Understanding Concurrent Programming With Ruby’s Goliath

PostRank recently released a new Ruby web server: Goliath. It uses an event loop in the same manner as node.js and nginx to achieve high levels of concurrency, but adds some special sauce that allows traditionally complicated asynchronous code to be written in a synchronous style.

For example, asynchronous code in Ruby typically looks like this (using the eventmachine library):

require 'eventmachine'
require 'em-http'

EM.run {
  EM::HttpRequest.new('http://www.sitepoint.com/').get.callback {|http|
    puts http.response
  }
}

This is neat in that it allows the application to do other things while the HTTP request completes (it is “non-blocking”), but to fetch two sites in succession, you need to nest callbacks:

EM::HttpRequest.new('http://www.sitepoint.com/').get.callback {|http|
  # extract_next_url is a fake method, you get the idea
  url = extract_next_url(http.response)

  EM::HttpRequest.new(url).get.callback {|http2|
    puts http2.response
  }
}

As you can imagine, this pattern gets messy fast. Goliath allows us to write the above code in the simple synchronous fashion we are familiar with:

http = EM::HttpRequest.new("http://www.sitepoint.com").get
# extract_next_url is a fake method, you get the idea
url = extract_next_url(http.response)
http2 = EM::HttpRequest.new(url).get

…yet behind the scenes it still executes asynchronously!
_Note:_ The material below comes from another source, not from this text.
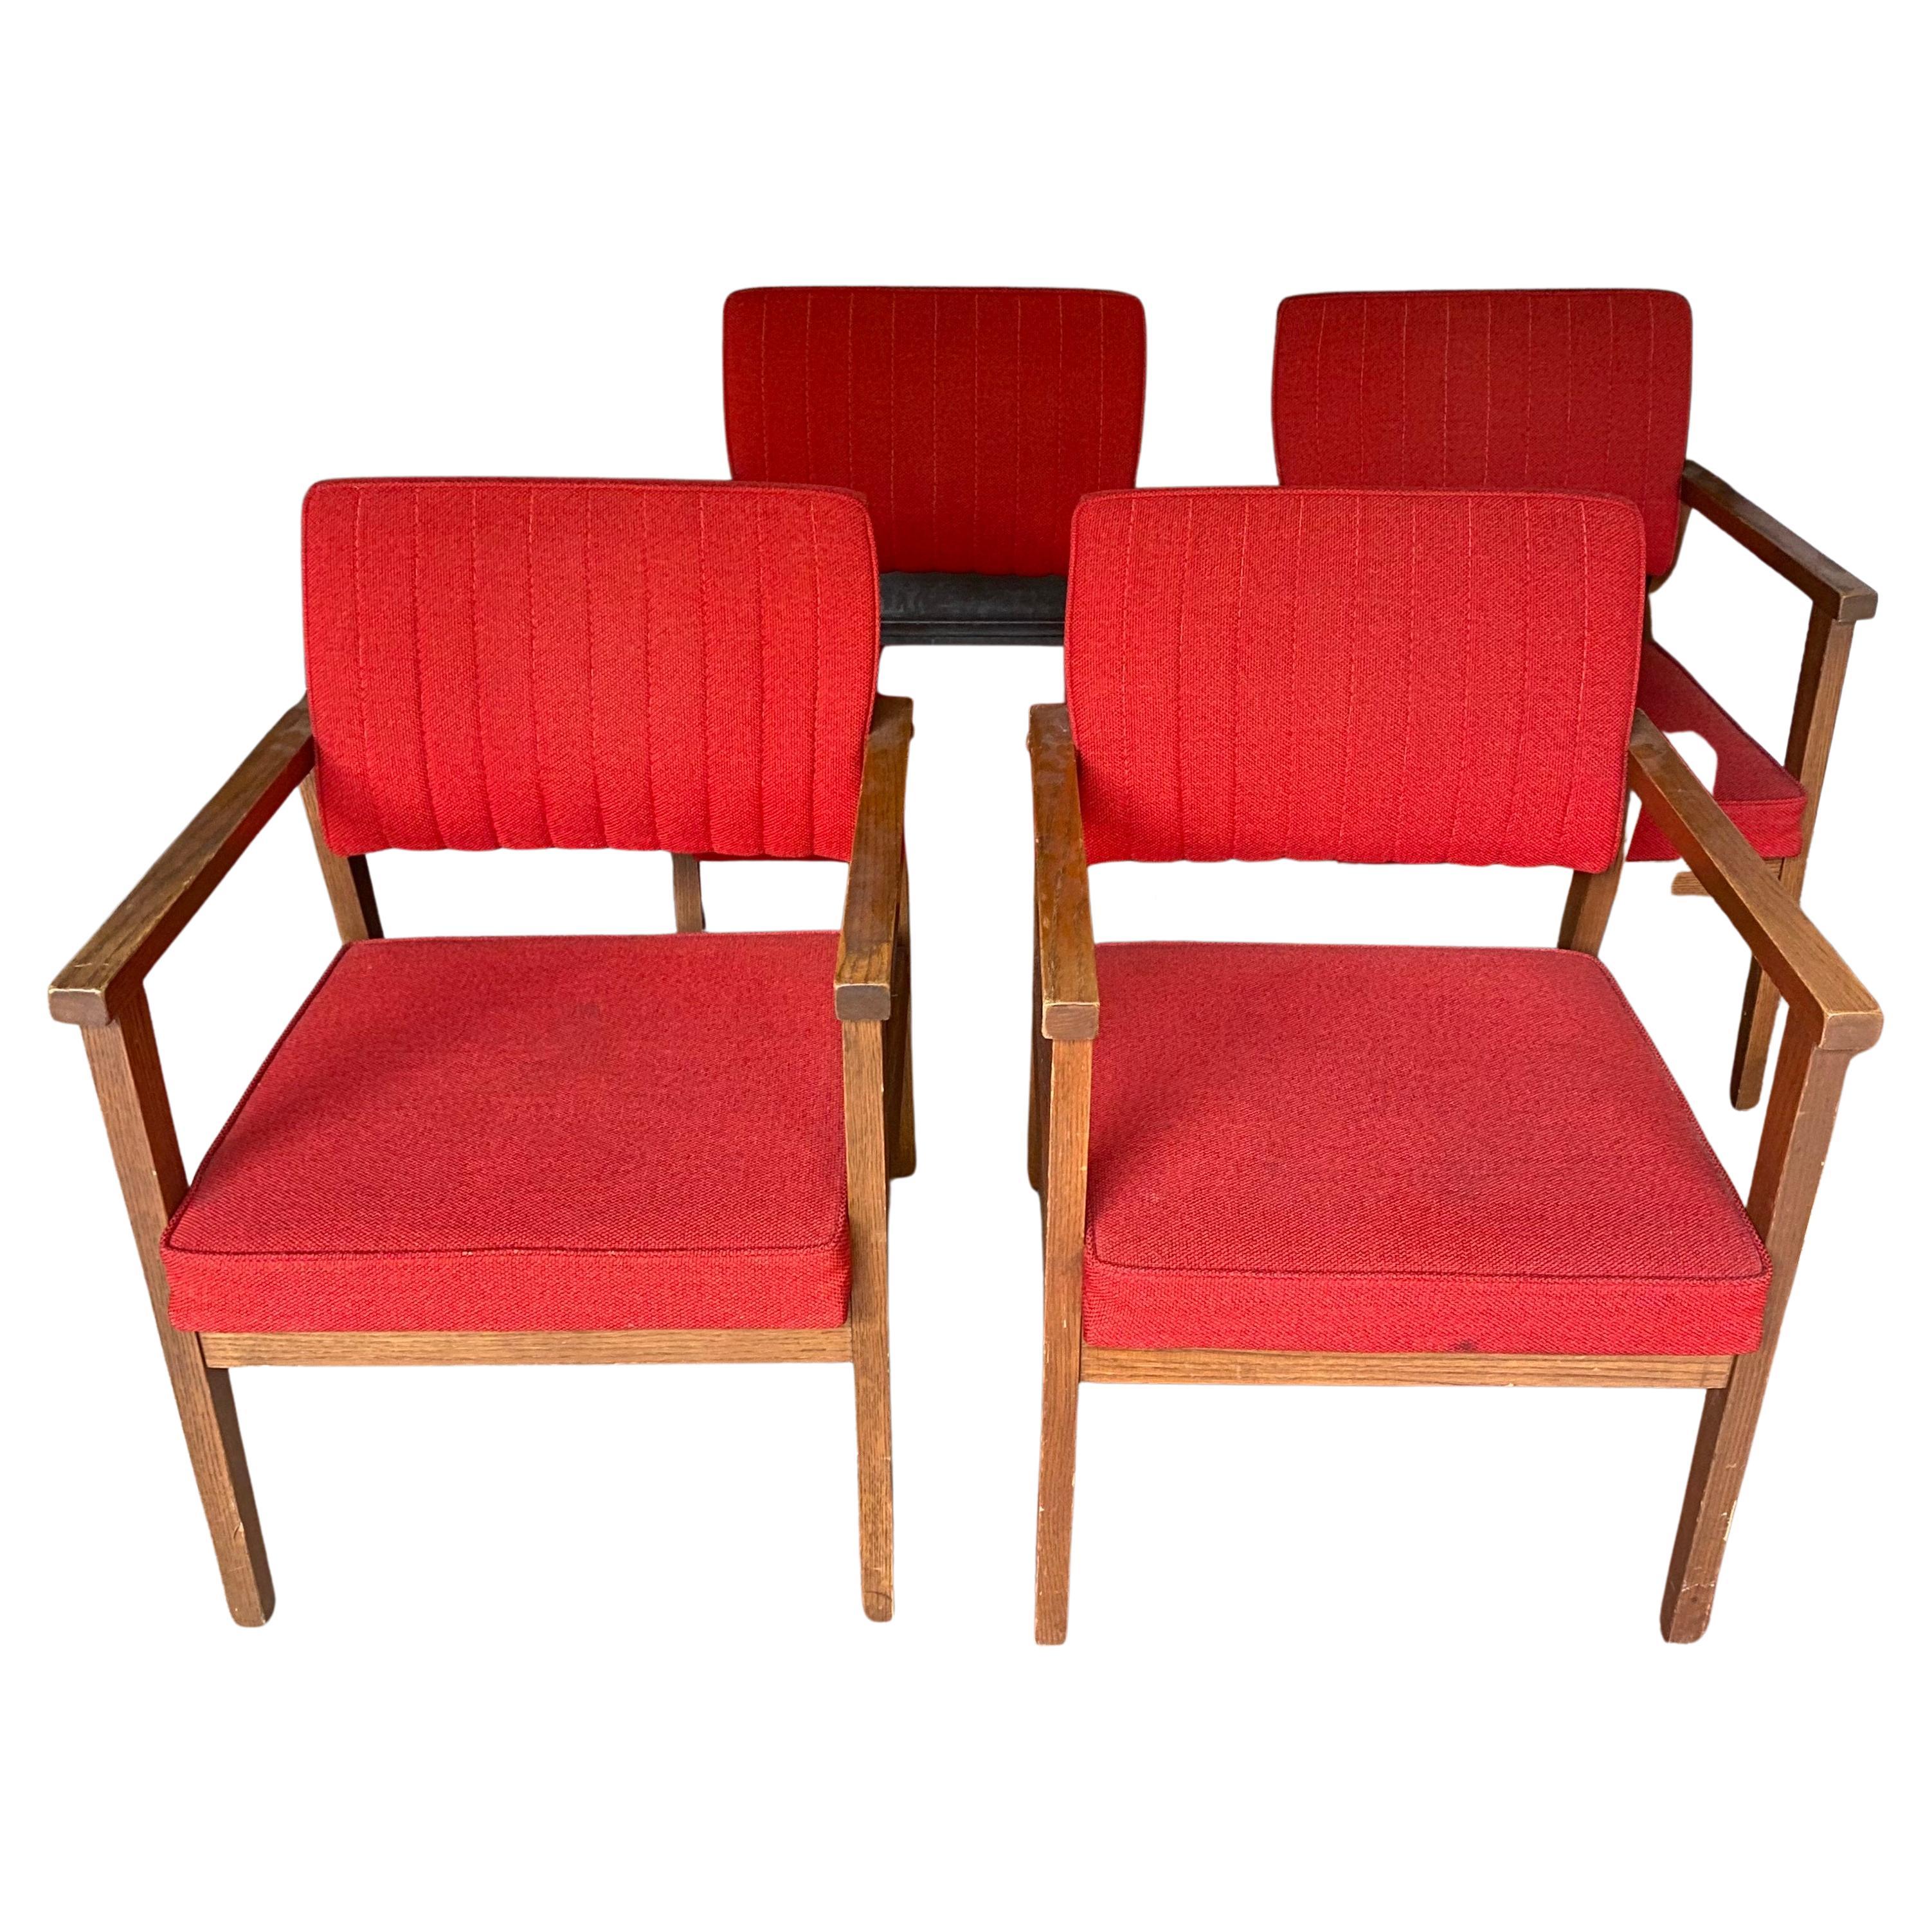 Suite of 4 Red Armchairs Rosewood / Red Jersey Canadian Atlas Furniture

Other code can be run while the HTTP requests are running.

This blows my mind. How does it work? Let’s find out.

Fibers

From the documentation, Goliath claims to works its magic by “leveraging Ruby fibers introduced in Ruby 1.9+”. This first hint sends us to the ruby rdocs to find:

Fibers are primitives for implementing light weight cooperative concurrency in Ruby. Basically they are a means of creating code blocks that can be paused and resumed, much like threads. The main difference is that they are never preempted and that the scheduling must be done by the programmer and not the VM.
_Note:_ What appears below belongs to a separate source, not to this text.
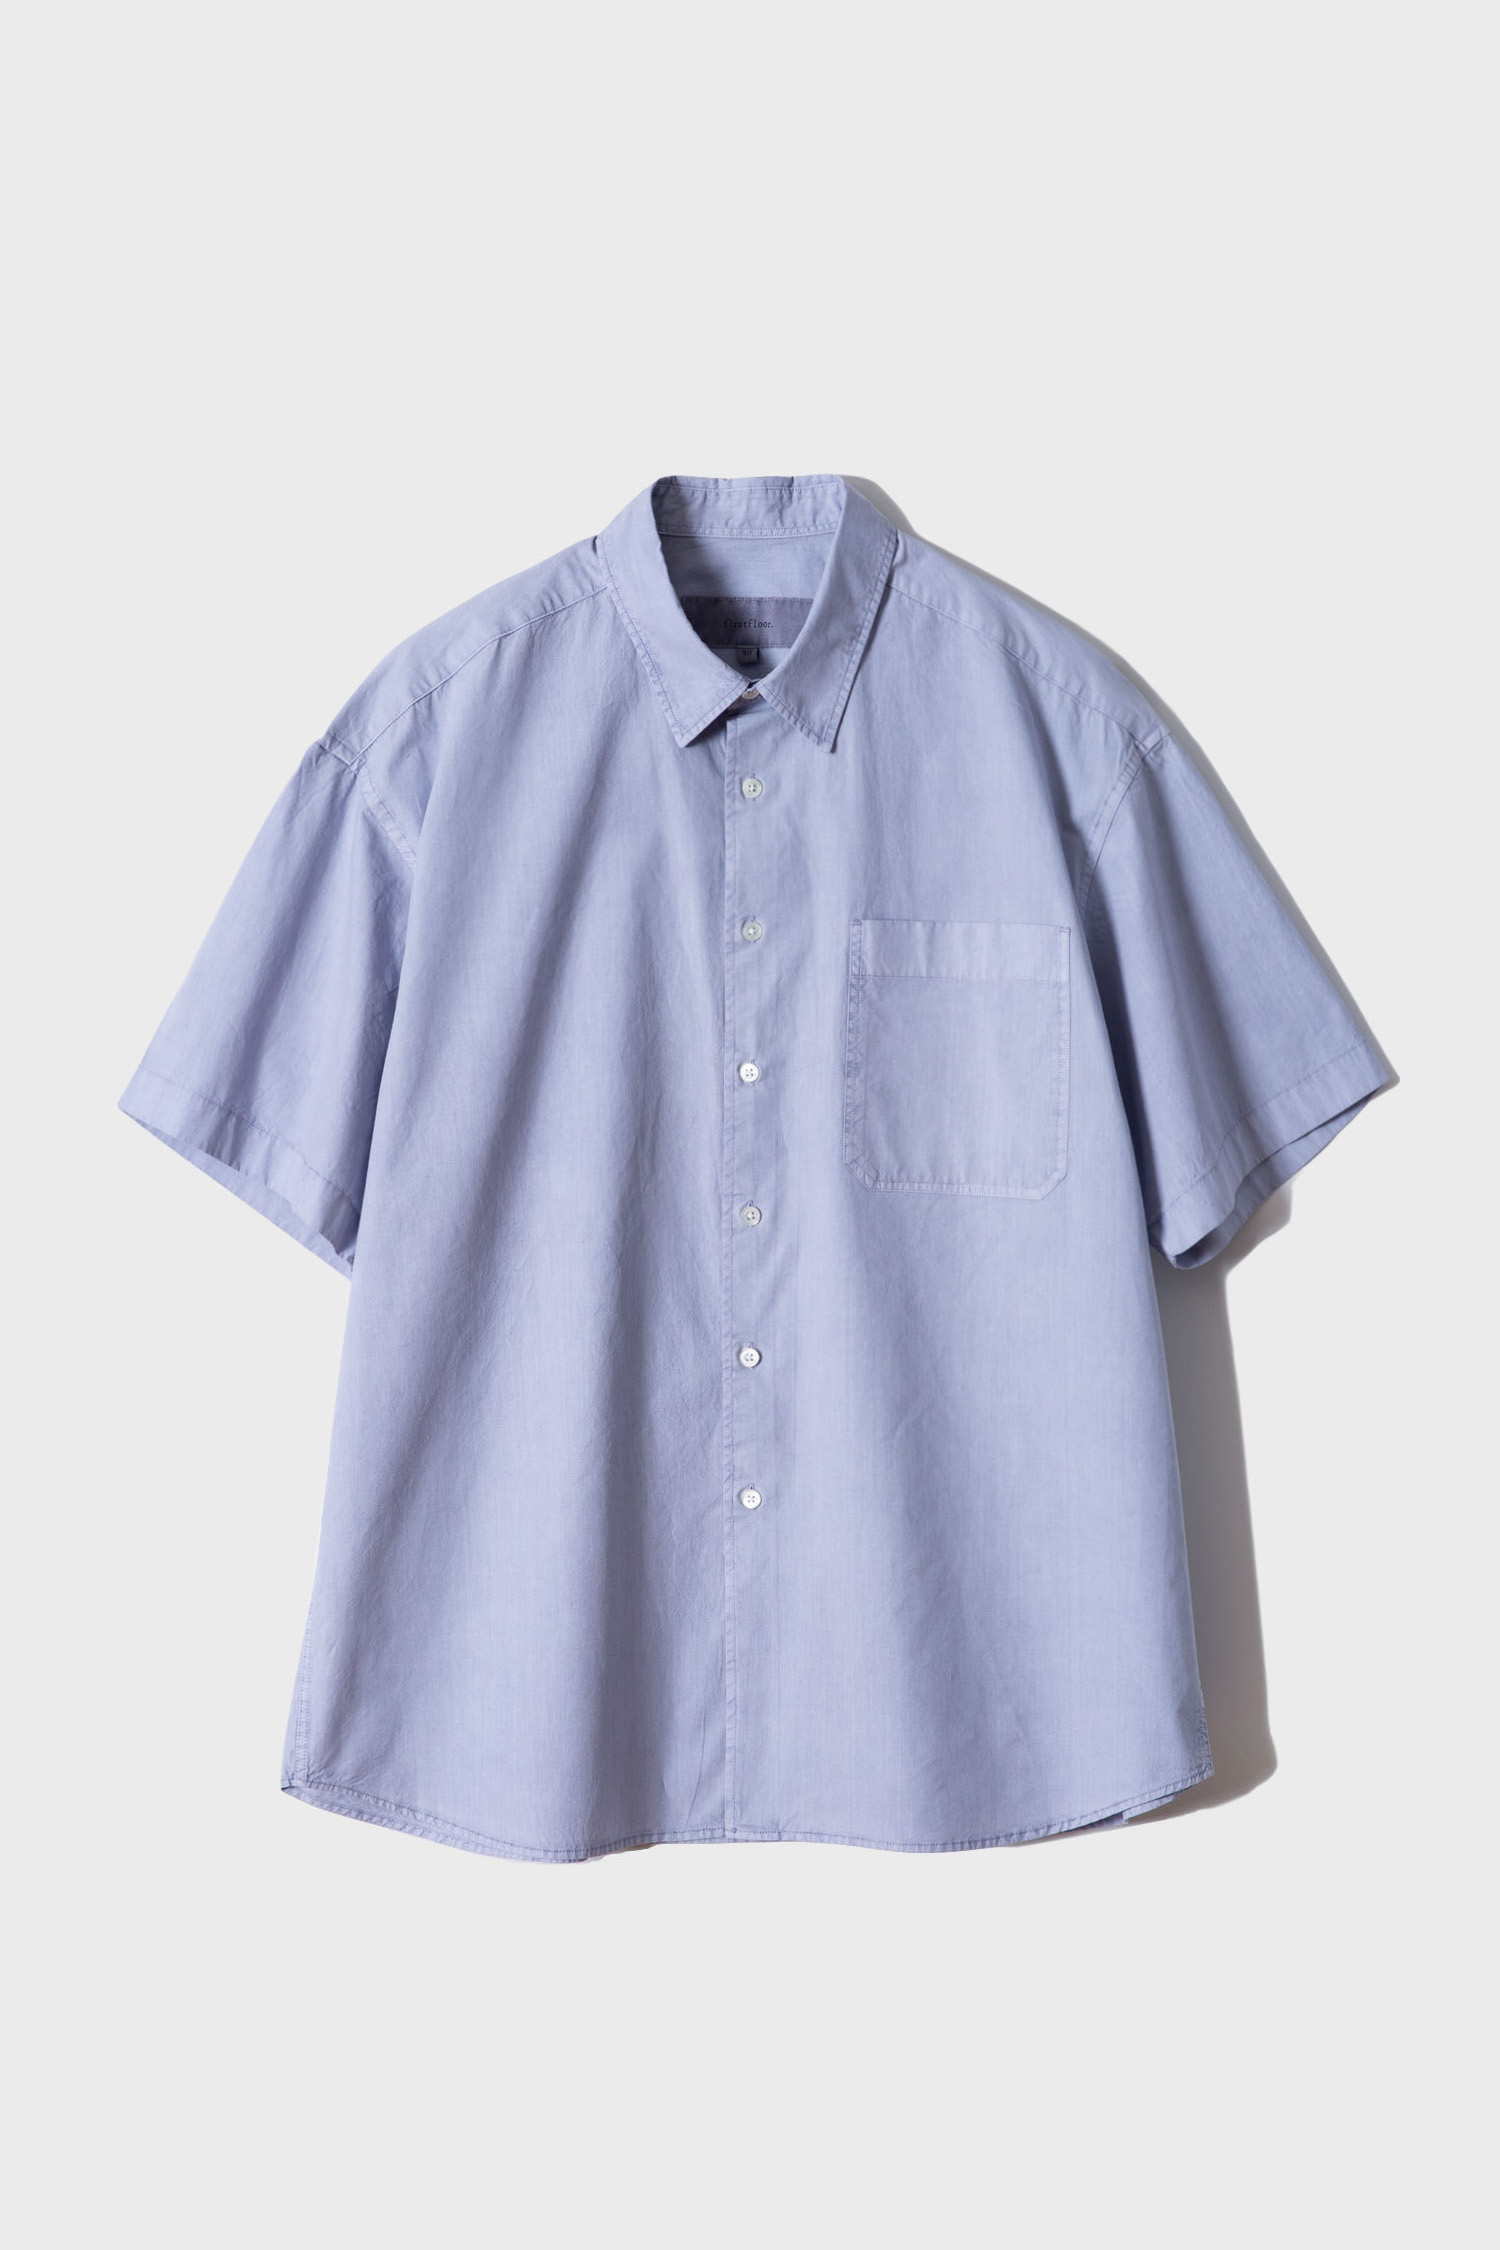 Dyed summer shirt (5 colors, japanese processed)

Urgh, too many big words. Let’s just dive in and start poking around the Goliath code. The Goliath documentation contains a full example for proxying a site:

require 'goliath'

require 'em-synchrony'
require 'em-synchrony/em-http'

class HelloWorld < Goliath::API
  def response(env)
    req = EM::HttpRequest.new("http://www.google.com/").get
    resp = req.response

    [200, {}, resp]
  end
end

# to play along at home:
#   $ gem install goliath
#   $ gem install em-http-request --pre
#   $ ruby hello_world.rb -sv

We know that for this to occur in an asynchronous manner there must be some funny business going on in that #get call, so let’s try and find that. My spider sense tells me it will be somewhere in em-synchrony/em-http

$ gem unpack em-synchrony
Unpacked gem: '/Users/xavier/Code/tmp/em-synchrony-0.3.0.beta.1'
$ cd em-synchrony-0.3.0.beta.1
# I used tab completion on the next line to find the exact path
$ cat lib/em-synchrony/em-http.rb

That reveals:

# em-synchrony/lib/em-synchrony/em-http.rb
begin
  require "em-http"
rescue LoadError =< error
  raise "Missing EM-Synchrony dependency: gem install em-http-request"
end

module EventMachine
  module HTTPMethods
     %w[get head post delete put].each do |type|
       class_eval %[
         alias :a#{type} :#{type}
         def #{type}(options = {}, &amp;blk)
           f = Fiber.current

            conn = setup_request(:#{type}, options, &amp;blk)
            conn.callback { f.resume(conn) }
            conn.errback  { f.resume(conn) }

            Fiber.yield
         end
      ]
    end
  end
end

Jackpot! Fibers! It appears to be monkey-patching the existing em-http library, so before we go too much further let’s find out what normal em-http code looks like without fibers. There is a handy example on the em-http-request wiki:

EventMachine.run {
  http = EventMachine::HttpRequest.new('http://google.com/').get :query =< {'keyname' =< 'value'}

  http.errback { p 'Uh oh'; EM.stop }
  http.callback {
    p http.response_header.status
    p http.response_header
    p http.response

    EventMachine.stop
  }
}

It looks almost similar to the code above which is promising, and when we dig in a bit further it becomes even more so.

$ gem unpack em-http
ERROR:  While executing gem ... (Gem::RemoteFetcher::FetchError)
    SocketError: getaddrinfo: nodename nor servname provided, or not known (http://rubygems.org/latest_specs.4.8.gz)
# Oh noes it doesn't work!
# Search for em gems
$ gem list em- 

*** LOCAL GEMS ***

em-http-request (1.0.0.beta.2, 0.3.0)
em-socksify (0.1.0)
em-synchrony (0.3.0.beta.1)

$ gem unpack em-http-request # Ah that is probably it
$ cd em-http-request-1.0.0.beta.2
$ ack "get" lib/
lib/em-http/http_connection.rb
4:    def get    options = {}, &amp;blk;  setup_request(:get,   options, &amp;blk); end

Note on the last line that get defers straight to setup_request, which is the same call that is made in fiber example above. Yep, pretty much the same. Now we can head back to the fiber code.

f = Fiber.current
conn = setup_request(:#{type}, options, &amp;blk)
conn.callback { f.resume(conn) }
conn.errback  { f.resume(conn) }
Fiber.yield

It appears what is happening is rather than immediately doing any work when a callback triggers, resume is called on the current fiber, presumably starting back up this thread at the point yield was called. Checking the documentation for Fiber.yield validates this, and also explains how the conn variable is returned from this method in the last sentence:

Yields control back to the context that resumed the fiber, passing along any arguments that were passed to it. The fiber will resume processing at this point when resume is called next. Any arguments passed to the next resume will be the value that this Fiber.yield expression evaluates to.

Using it

We now have an idea of how Goliath works it magic, though it may still be a fuzzy one. Let’s see if we have it right by trying to write some code that emulates it.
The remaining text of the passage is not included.